Next: Conclusions Up: Abstract Previous: Design Analysis of SCREEN

7. Discussion

First we will focus on what has been learned for processing spoken-language processing. When we started the SCREEN project, it was not predetermined whether a deep analysis or a flat screening analysis would be particularly appropriate for robust analysis of spoken sentences. A deep analysis with highly structured representations is less appropriate since the unpredictable faulty variations in spoken language limit the usefulness of deep structured knowledge representations much more than it is the case for written language. Deep interpretations and very structured representations - as for instance possible with HPSG grammars for text processing - make a great deal of assumptions and predictions which do not hold for faulty spoken language. Furthermore, we have learned that for generating a semantic and syntactic representation we do not even need to use a deep interpretation for certain tasks. For instance, for translating between two languages it is not necessary to disambiguate all prepositional phrase attachment ambiguities since during the process of translation these disambiguations may get ambiguous again in the target language.

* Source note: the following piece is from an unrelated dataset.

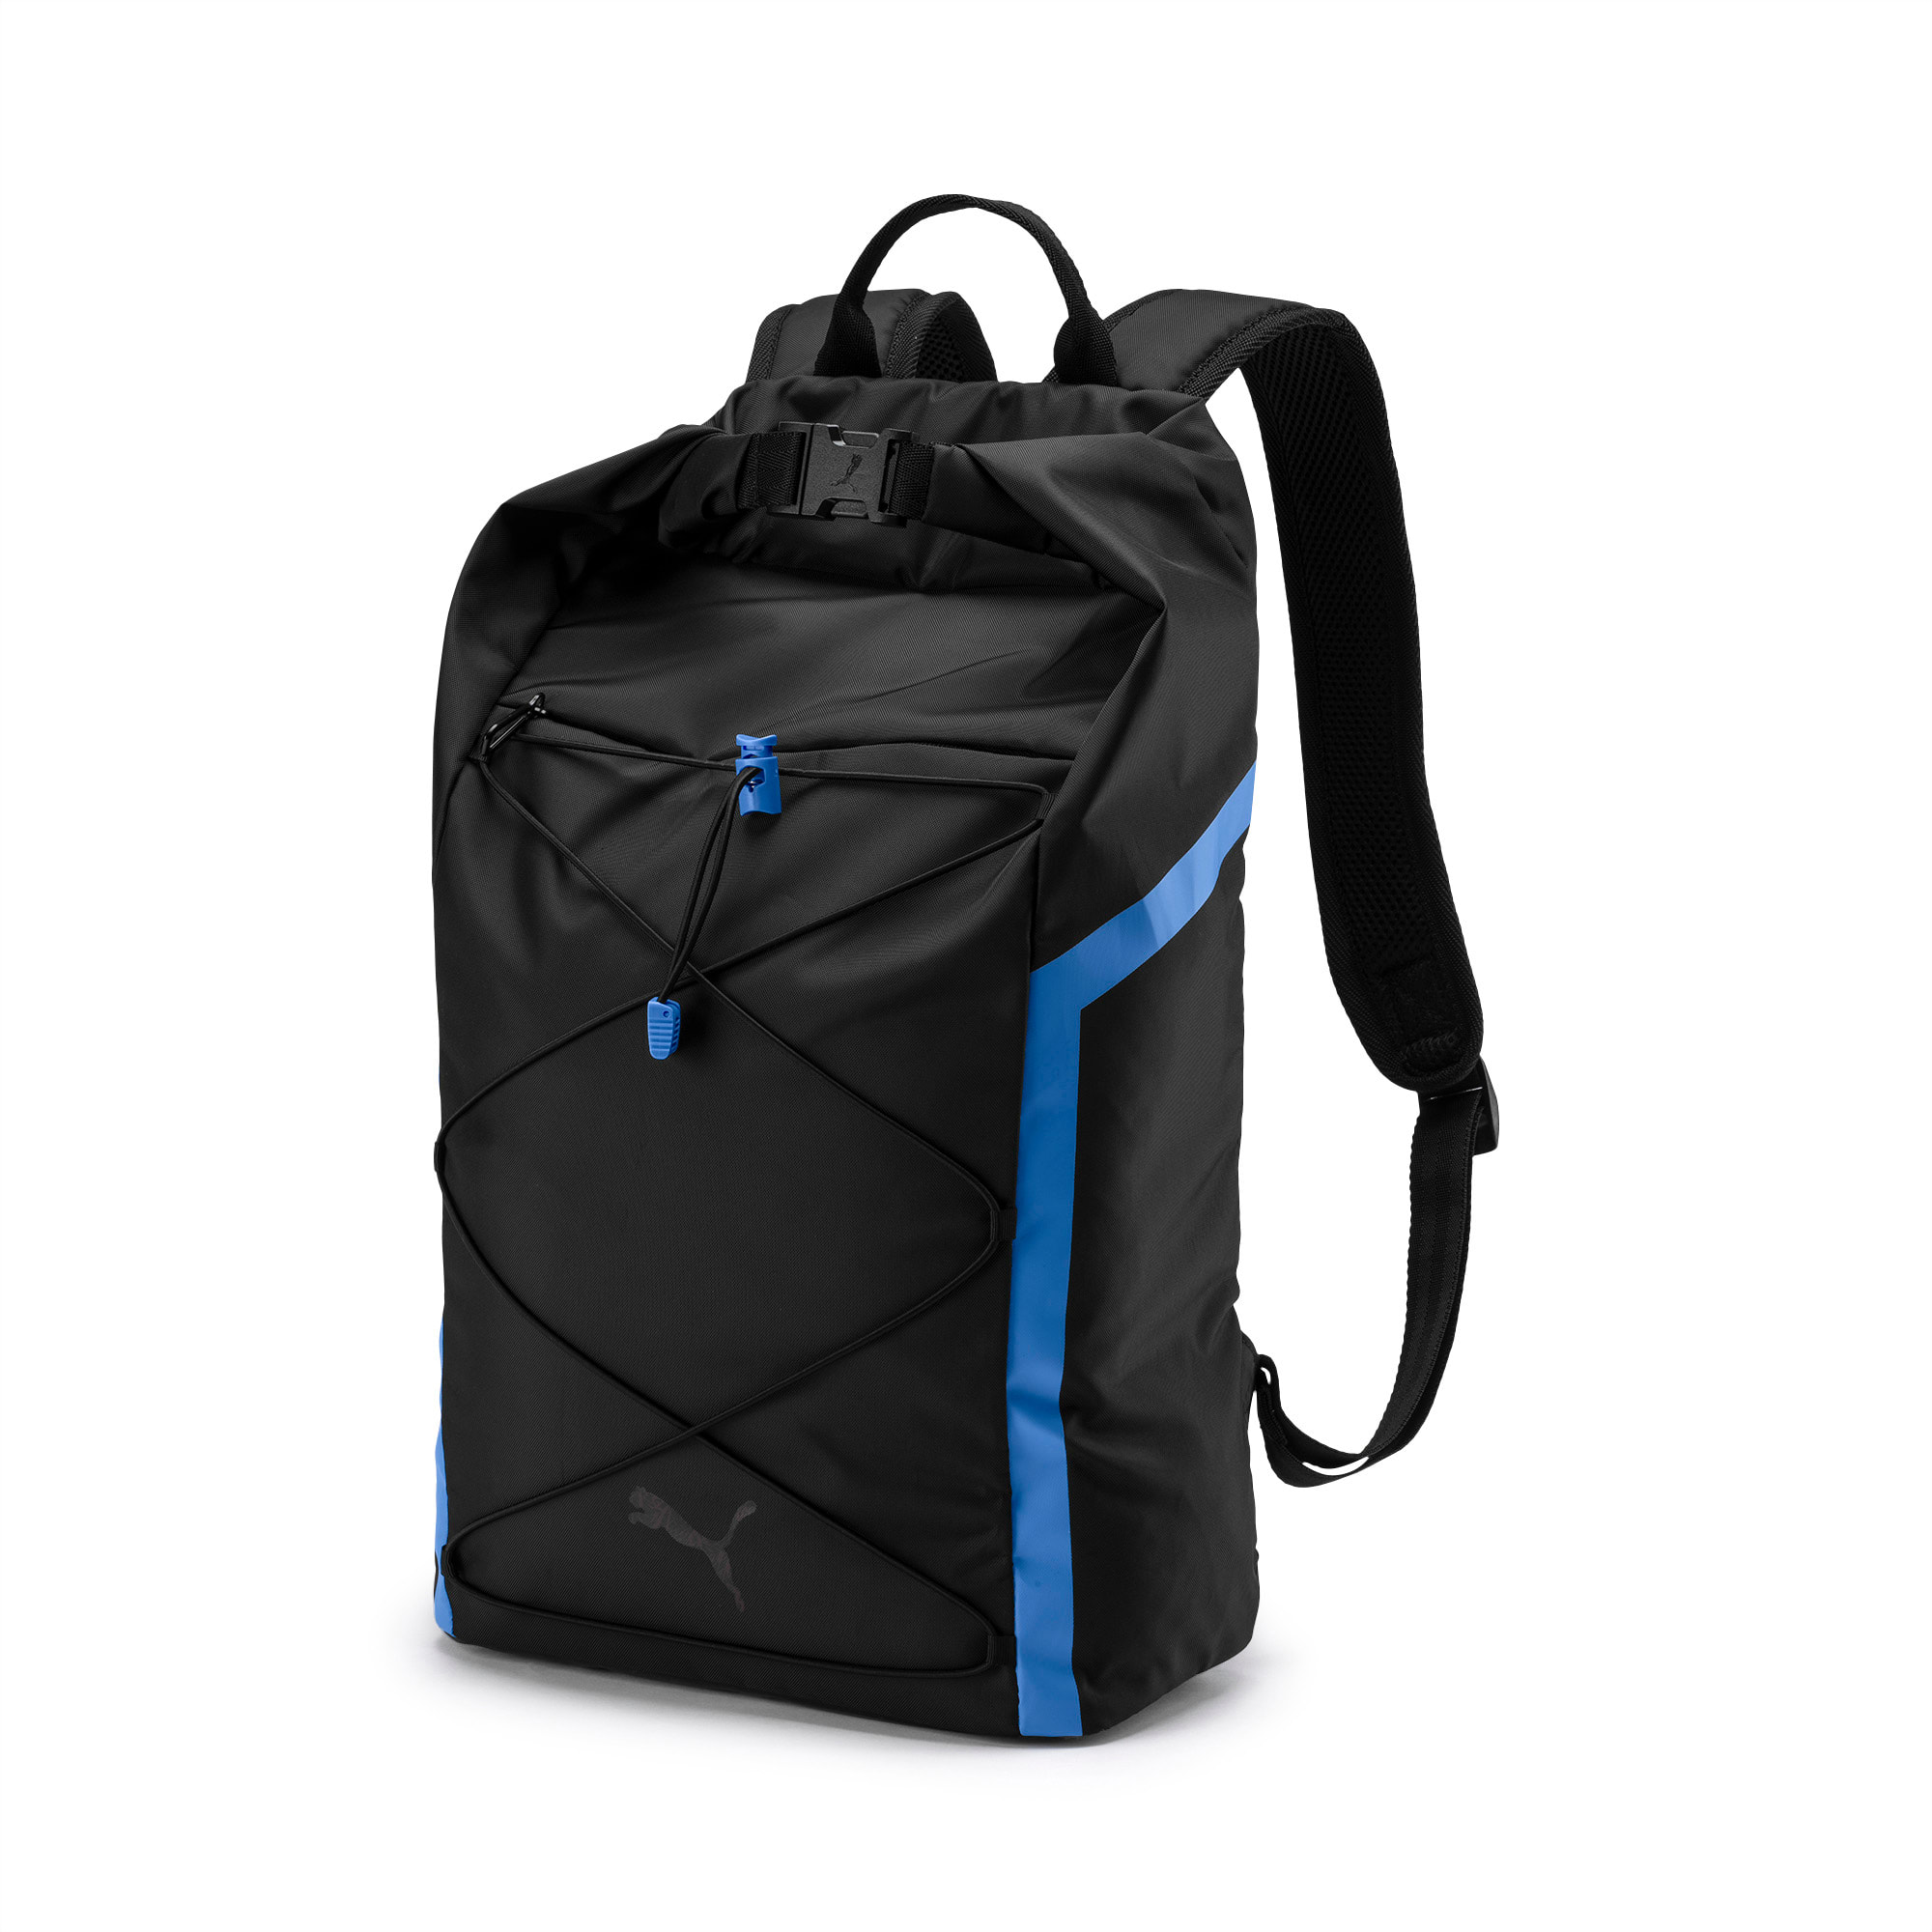 puma black and blue backpack

However, we use some structure at the level of words and phrases for syntax and semantics respectively. We learned that a single flat semantics level rather than the four flat syntax and semantics levels is not sufficient since syntax is necessary for detecting phrase boundaries. One could argue that one syntactic abstract phrase representation and one abstract semantic phrase representation may be enough. However, we found that the basic syntactic and semantic representations at the word level make the task easier for the subsequent abstract analysis at the phrase level. Furthermore, the basic syntactic and semantic representations are necessary for other tasks as well, for instance for the judgment of the plausibility of a sequence of syntactic and semantic categories. This plausibility is used as a filter for finding good word hypothesis sequences. Therefore, we argue that for processing faulty spoken language - for a task like sentence translation or question answering - we need much less structured representations as are typically used in well-known parsers but we need more structured representations than those of a single-level tagger.

In some of our previous work we had made early experiences with related connectionist networks for analyzing text phrases. Moving from analyzing text phrases to analyzing unrestricted spoken utterances, there are tremendous differences in the two tasks. We found that the phrase-oriented flat analysis used in SCAN (Wermter, 1995) is advantageous in principle for spoken-language analysis and the phrase-oriented analysis is common to learning text and speech processing. However, we learned that spoken-language analysis needs a much more sophisticated architecture. In particular, since spoken language contains many unpredictable errors and variations, fault tolerance and robustness are much more important. Connectionist networks have an inherent implicit robustness based on their similarity-based processing in gradual numerical representations. In addition, we found that for some classes of relatively often occurring mistakes, there should be some explicit robustness provided by machinery for interjections, word and phrase repairs. Furthermore, the architecture has to consider the processing of a potentially large number of competing word hypothesis sequences rather than a single sentence or phrase for text processing.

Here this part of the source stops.